REUTERS
By Aziz El Yaakoubi
Morocco’s government said on Tuesday it would cut staff at the United Nations’ Western Sahara mission and threatened to pull out of United Nations peacekeeping missions after “unacceptable” comments by U.N. Secretary General Ban Ki-moon about the disputed region.
The statement came on Tuesday after Ban met with Morocco’s foreign minister to express his anger over remarks by the Moroccan government and a demonstration in Rabat which he said was a personal attack following his Western Sahara comments.
Rabat accused Ban last week of no longer being neutral in the Western Sahara conflict, saying he used the word “occupation” to describe Morocco’s presence in the region that has been at the center of a dispute for decades.
Ban had visited refugee camps in southern Algeria for ethnic Sahrawis, who say Western Sahara belongs to them and fought a guerrilla war against Morocco until a U.N. ceasefire in 1991. Ban said he wanted to restart negotiations over the dispute.
“Following the unacceptable declarations and inadmissible actions from the U.N. Secretary General Ban Ki-Moon during his recent visit to the region, the royal government of Morocco has decided on immediate measures,” the statement said.
It said it would significantly reduce a large part of the “civil and political” component of the U.N. mission known as MINURSO, stop its voluntary contribution to the mission and look to pull Moroccan contingents from U.N. peacekeeping missions.
Ban’s spokesman did not have an immediate comment. But earlier on Tuesday U.N. spokesman Stephane Dujarric said after Ban’s statement on the meeting with the foreign minister that there had been communications between senior Moroccan officials and U.N. officials.
The dispute over the Western Sahara region in the northwest edge of Africa has dragged on since Morocco took control over most of it after the withdrawal of former colonial power Spain.

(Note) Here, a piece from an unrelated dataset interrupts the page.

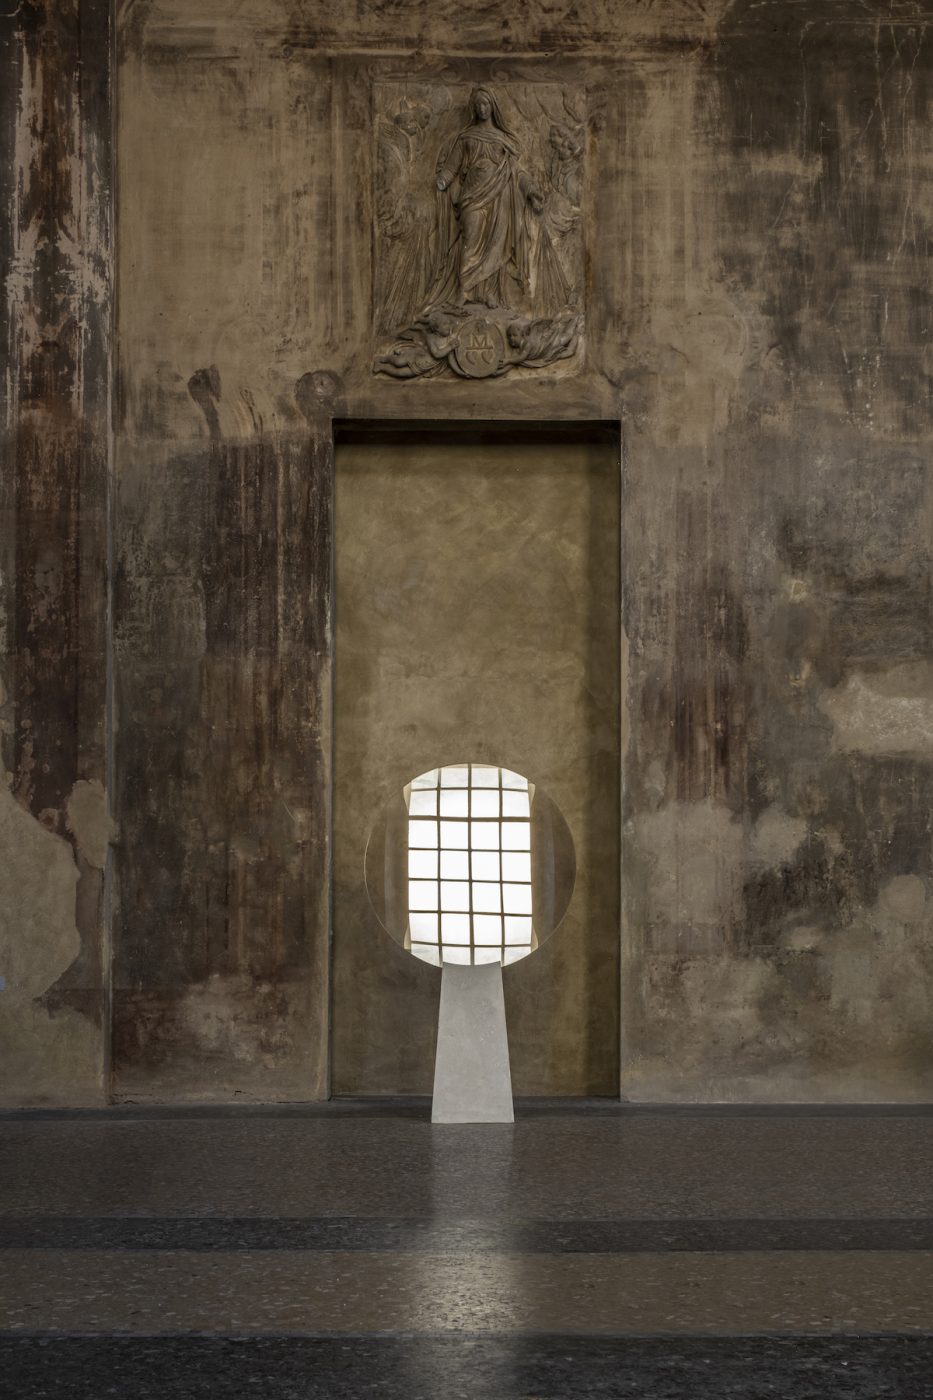 Boldizar Senteski’s Void floor mirror at Galerie Philia's "Desacralized" exhibition in Milan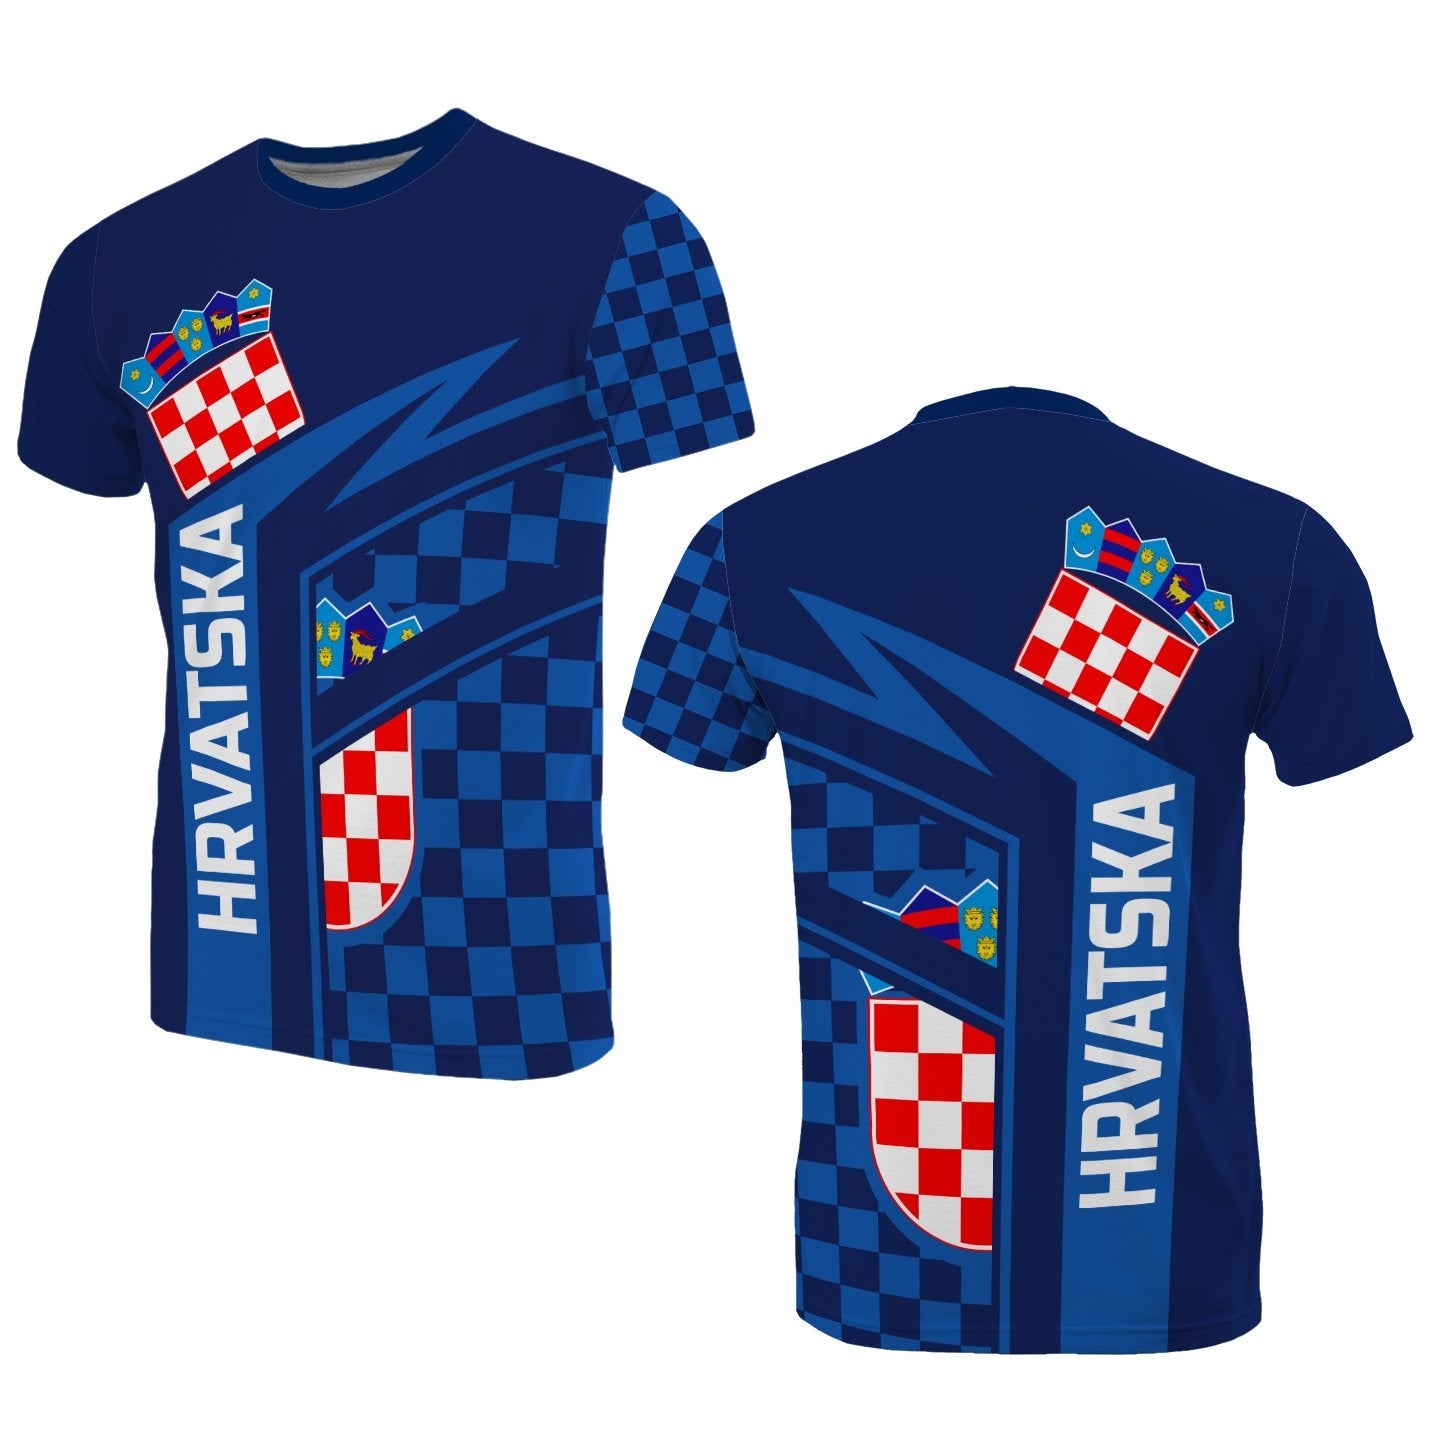 croatia-hrvatska-air-t-shirts-for-men-and-women-blue

The Polisario Front, which says the territory belongs to the Sahrawis, fought a war against Morocco until the ceasefire, but the two sides have since been deadlocked.
Polisario, backed by Morocco’s regional rival and neighbor Algeria and a number of other African states, wants a referendum promised in the ceasefire agreement on the region’s fate. Morocco has said it will not offer more than autonomy for the region, which is rich in phosphates and possibly offshore oil and gas.